The Sweeney (ITV, 1975-78)

Dennis Waterman and John Thaw

The Sweeney, created by Ian Kennedy Martin, was very different. This show shook up British television in a number of ways. Gritty and violent in ways which previous cop shows (Z Cars, Dixon of Dock Green, et al.) had never been, it also shifted the mode of production of the time; shot on film, largely on location, it looked more like movies than television, emphasizing speed and action over stagy dialogue scenes. The show had an energy which seemed shocking at the time (and there was definitely criticism of its violence, the depiction of British police running around with guns, getting into fire-fights), but it attracted talented writers, directors and actors – everyone wanted to get a shot at working with John Thaw (Inspector Regan) and Dennis Waterman (Sergeant Carter).

John Thaw as Regan

There would never have been a Life On Mars (2006-07) if The Sweeney didn’t exist; Phil Glenister’s Gene Hunt is a direct descendent of Regan.
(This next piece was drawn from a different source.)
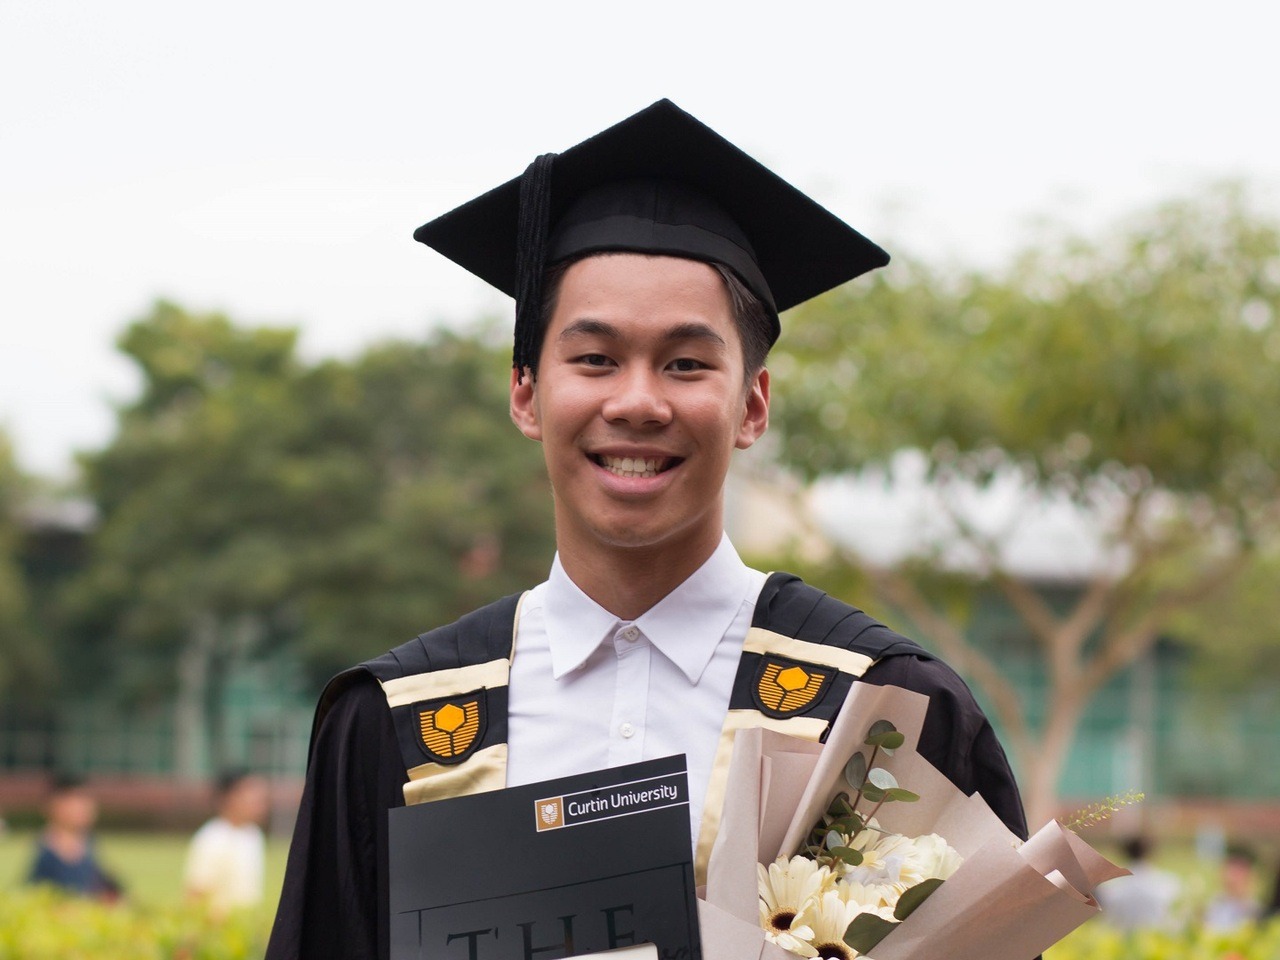 “Not only does Curtin Malaysia have exceptional courses and lecturers, it also boasts a diversity of students from different countries. I have had opportunities to work with people from around the world which has helped me adopt new perspectives...

But in one way, The Sweeney does bear an odd resemblance to Barney Miller: unlike most American big city cop shows, The Sweeney presents a surprisingly small and intimate world, one in which the cops know all the villains and their lives are constantly intertwined. There’s a sense in which the police in The Sweeney, like those in Barney Miller, are part of a larger community rather than an isolated unit living and working separately from the society around them. (On the other hand, a big difference between the two shows is the prodigious amount of smoking and drinking that goes on in The Sweeney … although Barney Miller‘s Sergeant Harris is a chain smoker.)

Although long-running series often just peter out as audiences drift away, both Barney Miller and The Sweeney provided satisfying endings, a sense of completion. In the comedy, the precinct building is sold off and the squad is scattered across the city to new assignments, a bittersweet recognition of how life has a tendency to run a certain course and then move on, carrying individuals with it. On The Sweeney, Regan’s refusal to play strictly by the rules eventually comes back to bite him; the final arc of the fourth season sees him under investigation for criminal conduct as part of a vendetta by an old rival. Although the charges are unjustified and eventually dismissed, Regan bitterly rejects reinstatement because he feels that his years of fighting, and fighting well, on the front lines have counted for nothing with his superiors. In the bleak last moments of the final episode, he walks away from the job which has defined his identity for years, no longer knowing who he is or what his role might be.